3 questions à Nicolas Mitton
Consultant juridique et affaires publiques, cabinet Havre Tronchet
 
La Responsabilité Sociétale des Entreprises est-elle noyée dans la Loi Pacte ?C’est une loi très conséquente, où la partie “engagement des entreprises” fait en effet figure de parent pauvre. Mais je note une évolution : le premier projet de loi ne contenait que 2 articles à ce sujet, il en compte aujourd’hui plus d’une vingtaine. A l’origine, il n’était pas question que la loi contienne ce dispositif qui fait maintenant figure de vitrine dans la loi, voire de « caution » alors que le texte est très critiqué par d’autres aspects, comme la privatisation d’Aéroports de Paris. C’est donc aussi pour le gouvernement le moyen de mettre son travail en avant.
 Que nous dit le bras de fer entre l’Assemblée et le Sénat sur cette loi ?C’est une véritable bataille qui se joue, avec d’un côté des acteurs économiques progressistes, conscients des enjeux environnementaux, sociaux et sociétaux, et en face bien des conservatismes.
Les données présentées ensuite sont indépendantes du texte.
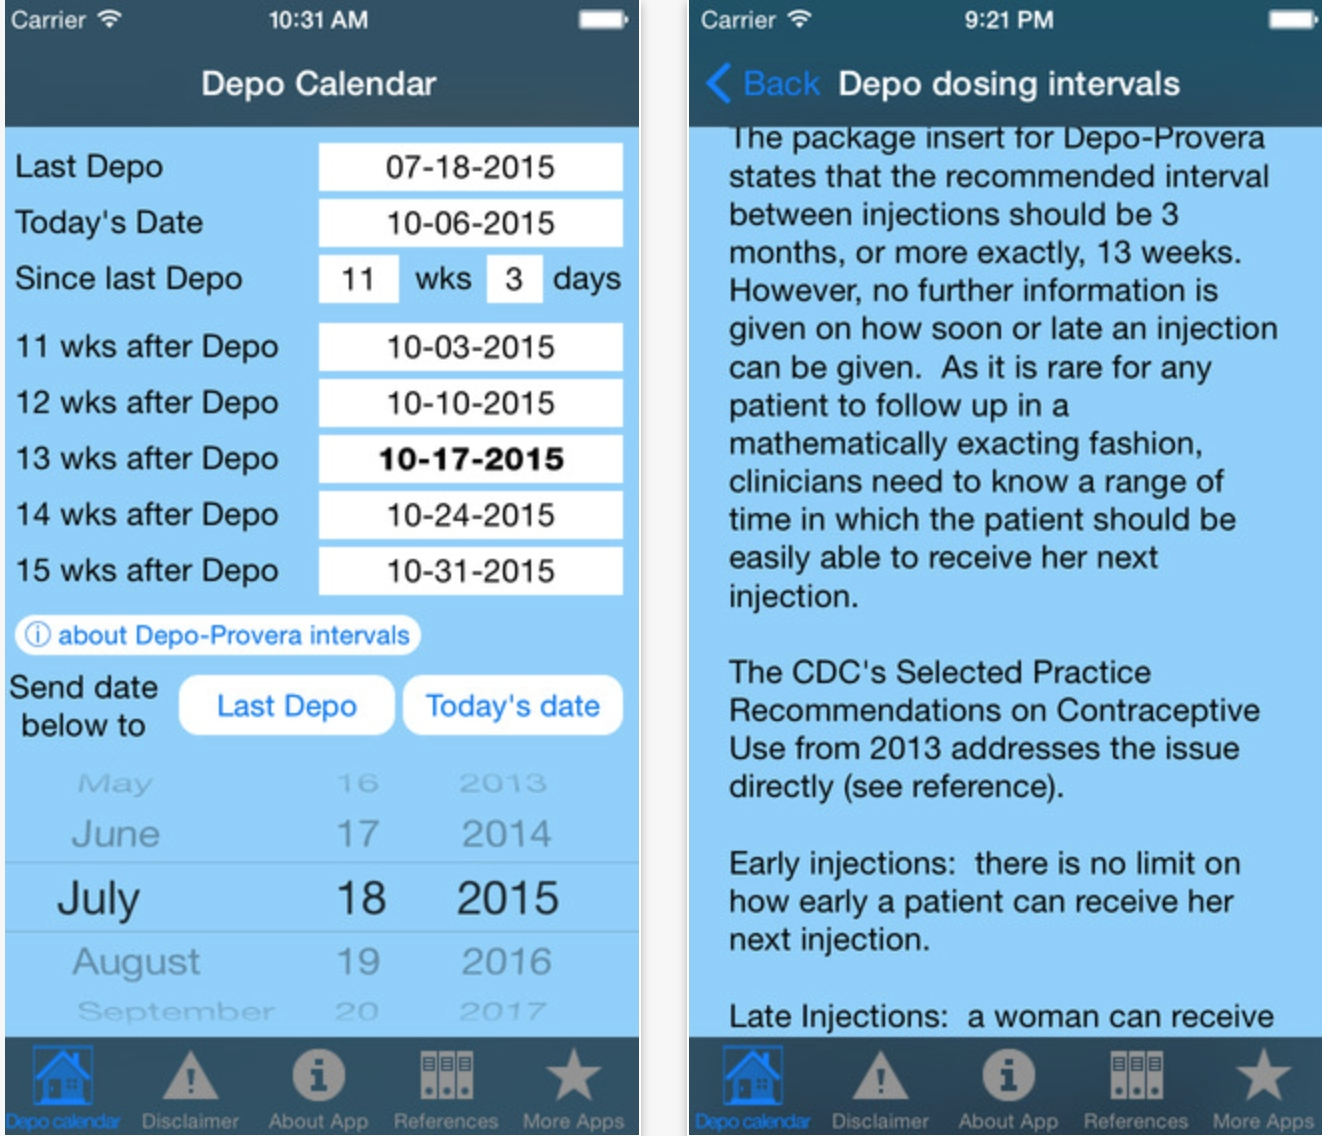 Depo Calendar App Could Significantly Improve Contraception  Depo-Provera Schedule Calendar

Le sénateur Jean-Marc Gabouty a par exemple déclaré que, lorsqu’un « entrepreneur commence à réfléchir à la raison d’être de son entreprise, c’est l’expression d’un état dépressif ». Mais le premier lever de bouclier avait été initié par le Medef, dès la naissance du projet de loi fin 2017. L’ancien président du Medef, Pierre Gattaz, s’était fendu d’une tribune virulente contre cette «boite de Pandore». Des arguments que l’on a retrouvé chez nombre de relais politiques. La donne s’est finalement inversée, peut-être avec le changement de président du Medef. Enfin, l’autre point de friction, ce sont les acteurs de l’ESS : à leur tour, ils s’opposent à ce dispositif. Pour certains, le statut défini dans la loi ESS de 2014 suffit. Ils craignent une confusion entre société engagée de l’ESS et le nouveau statut de « société à mission ». Car la finalité n’est pas la même : les entreprises de l’ESS restent non lucratives, contrairement aux autres.
 La Loi Pacte impose-t-elle de nouvelles obligations aux entreprises ?L’article 61 est un point de débat majeur. Supprimé par le Sénat, rétabli par l’Assemblée samedi, il modifie le Code Civil en indiquant qu’une société doit être gérée « dans son intérêt social et en prenant en considération les enjeux sociaux et environnementaux de son activité ». C’est une formule floue qui ouvre beaucoup de questions. En droit, à toute obligation se rattache une sanction. Or, quelle sera la sanction ? Pour toute réponse, les députés demandent une obligation de moyens et non pas de résultat. Les entreprises devront donc prendre en considération ces enjeux, sans s’en donner les moyens. Le risque est que les entreprises communiquent autour de cette nouvelle raison d’être et fassent du “greenwashing” ou du “fairwashing”, sans n’avoir rien changé sur le fond.